FIG. 2 shows an example software architecture 200 providing indexing for deduplication which may be implemented in the system 100 shown in FIG. 1. The software architecture may interface with one or more virtual machines 202 via an interface 204. The software architecture may implement deduplication for storage 206. It is noted that the term “interface” is used herein to generally describe this component, which may include a file system, RAID controller, etc.

FIG. 2 also shows a first storage 210 (e.g., RAM). First storage 210 may be provided as part of a storage device, or operatively associated with a storage device, for storing a first table 212. A second storage 220 (e.g., flash memory) may also be provided. Second storage 220 may be provided as part of a storage device, or operatively associated with a storage device, for storing a second table 222. The software architecture 200 may comprise an update agent 230 executable to operate on the tables 212 and 222. It is noted that the components shown in FIG. 2 are provided only for purposes of illustration and are not intended to be limiting. Other arrangements are possible, as are different types of memory such as noted above.

The software architecture 200 may be implemented as program code (e.g., firmware and/or software and/or other logic instructions) stored on one or more computer readable medium and executable by one or more processor to perform the operations described below.

The update agent 230 manages the full-chunk index (i.e., the block hash to physical address table). Example operations on a full chunk index include, but are not limited to, lookup a key/hash, and lookup a key/hash and modify an associated entry (including removing it). The following discussion is based on the latter case, as modifying an entry is a superset of the former operation.

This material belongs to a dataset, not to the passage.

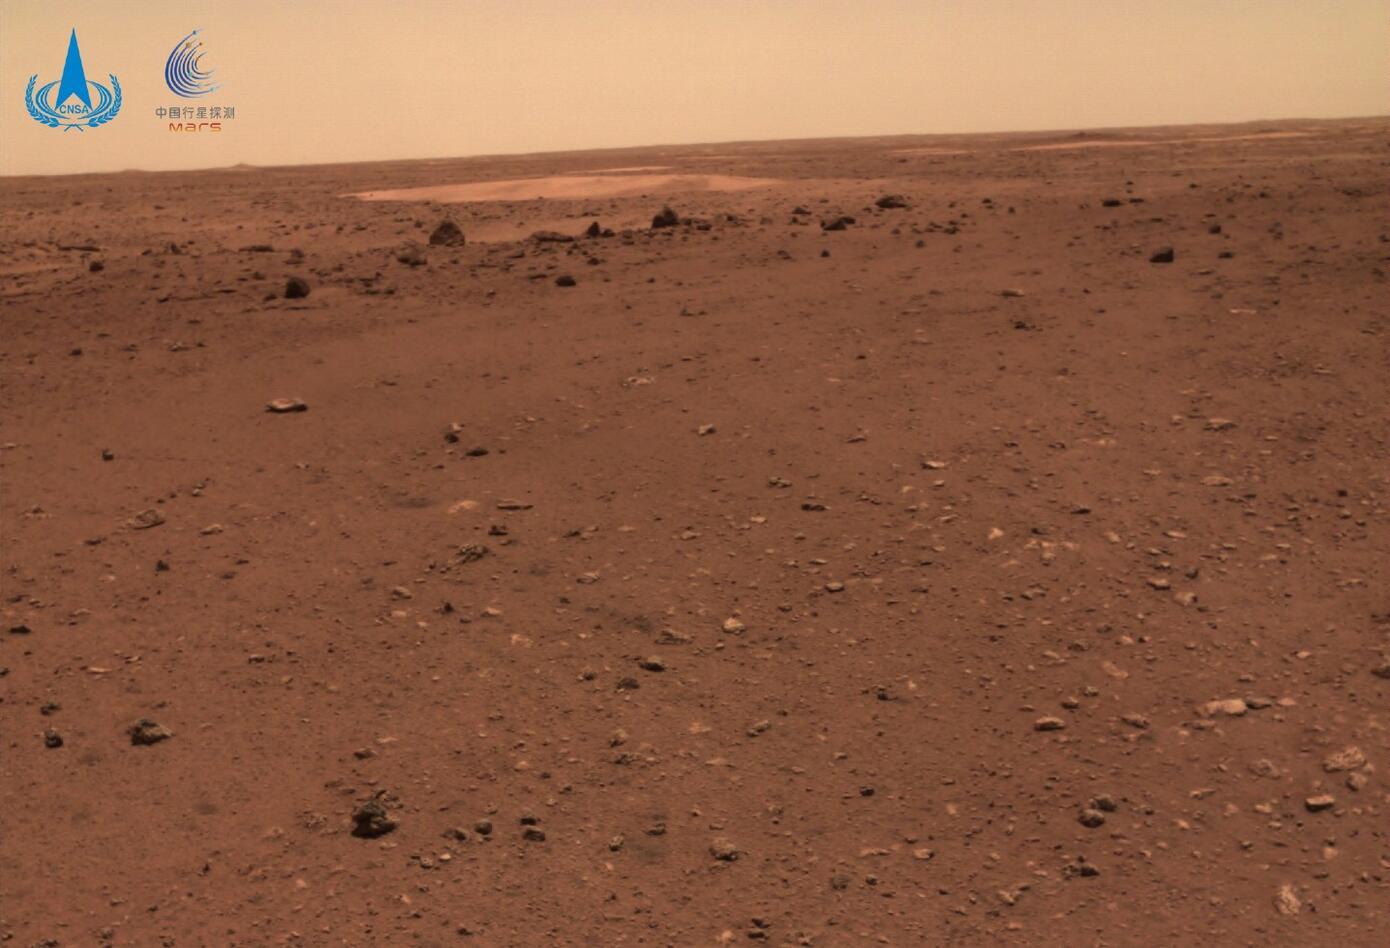 Así es el suelo de Marte tras fotografía tomada por el robot Zhurong

In an embodiment, the update agent 230 may be configured to look up a key in the first table 212. If the key is not found in the first table 212, the update agent 230 may look up the key in the second table 222. If the key is found in the second table, the update agent 230 may copy an associated entry for the key from the second table 222 to the first table 212. If the key is not found in the first table 212 and the key is not found in the second table 222, the update agent 230 may insert an entry with the key in the first table 212. The update agent 230 may apply an operation to an entry associated with the key in the first table 212. Finally, when the first table 212 is full, the update agent 230 may merge the data of the first table 212 with the data the second table 222 produce a new version of the second table 212 that replaces a previous version of the second table 222.

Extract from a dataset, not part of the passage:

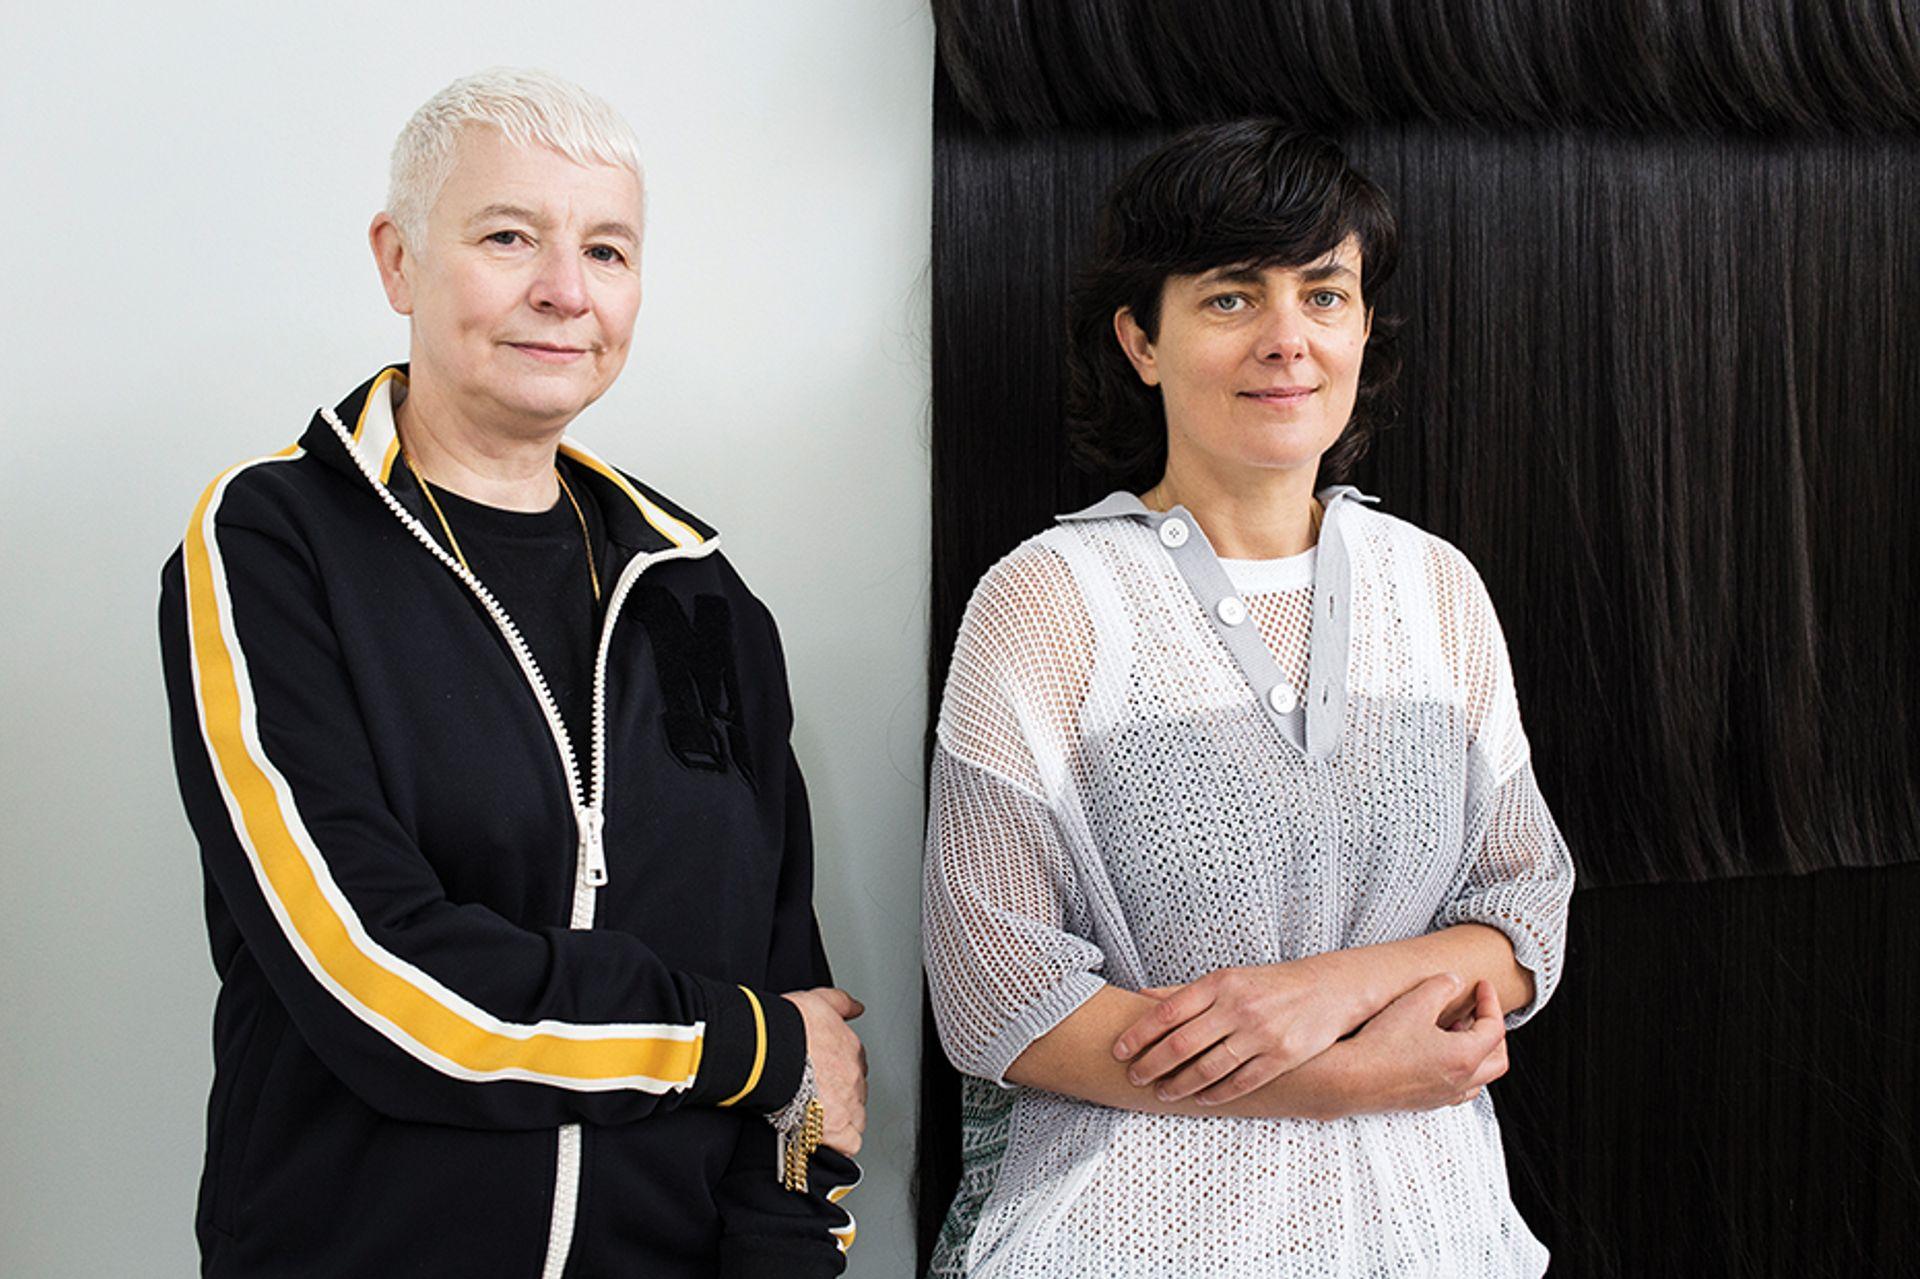 The artist duo Pauline Boudry and Renate Lorenz are representing Switzerland at the 2019 Venice Biennale ©Francesco Galli; Courtesy of La Biennale di Venezia

The true entry for a given key is considered to “live” in RAM (the first table 212), unless there are no entries for that key in the first table 212. In that case, the true entry for the key lives in the flash (second table 220). If there are no entries for that key in the flash, then the full chunk index has no entry for the key.

When we need to modify an entry, the entry is first copied to RAM (or otherwise created in RAM as needed), and then it is modified in place in RAM. This avoids the need to make a random access change to the flash. Eventually, the RAM fills up (e.g., the first table 212 becomes full), so we move the data of the first table into the much bigger flash table. In general, the second table 222 may be much larger than the first table 212 because flash is less expensive than RAM on a per gigabyte basis.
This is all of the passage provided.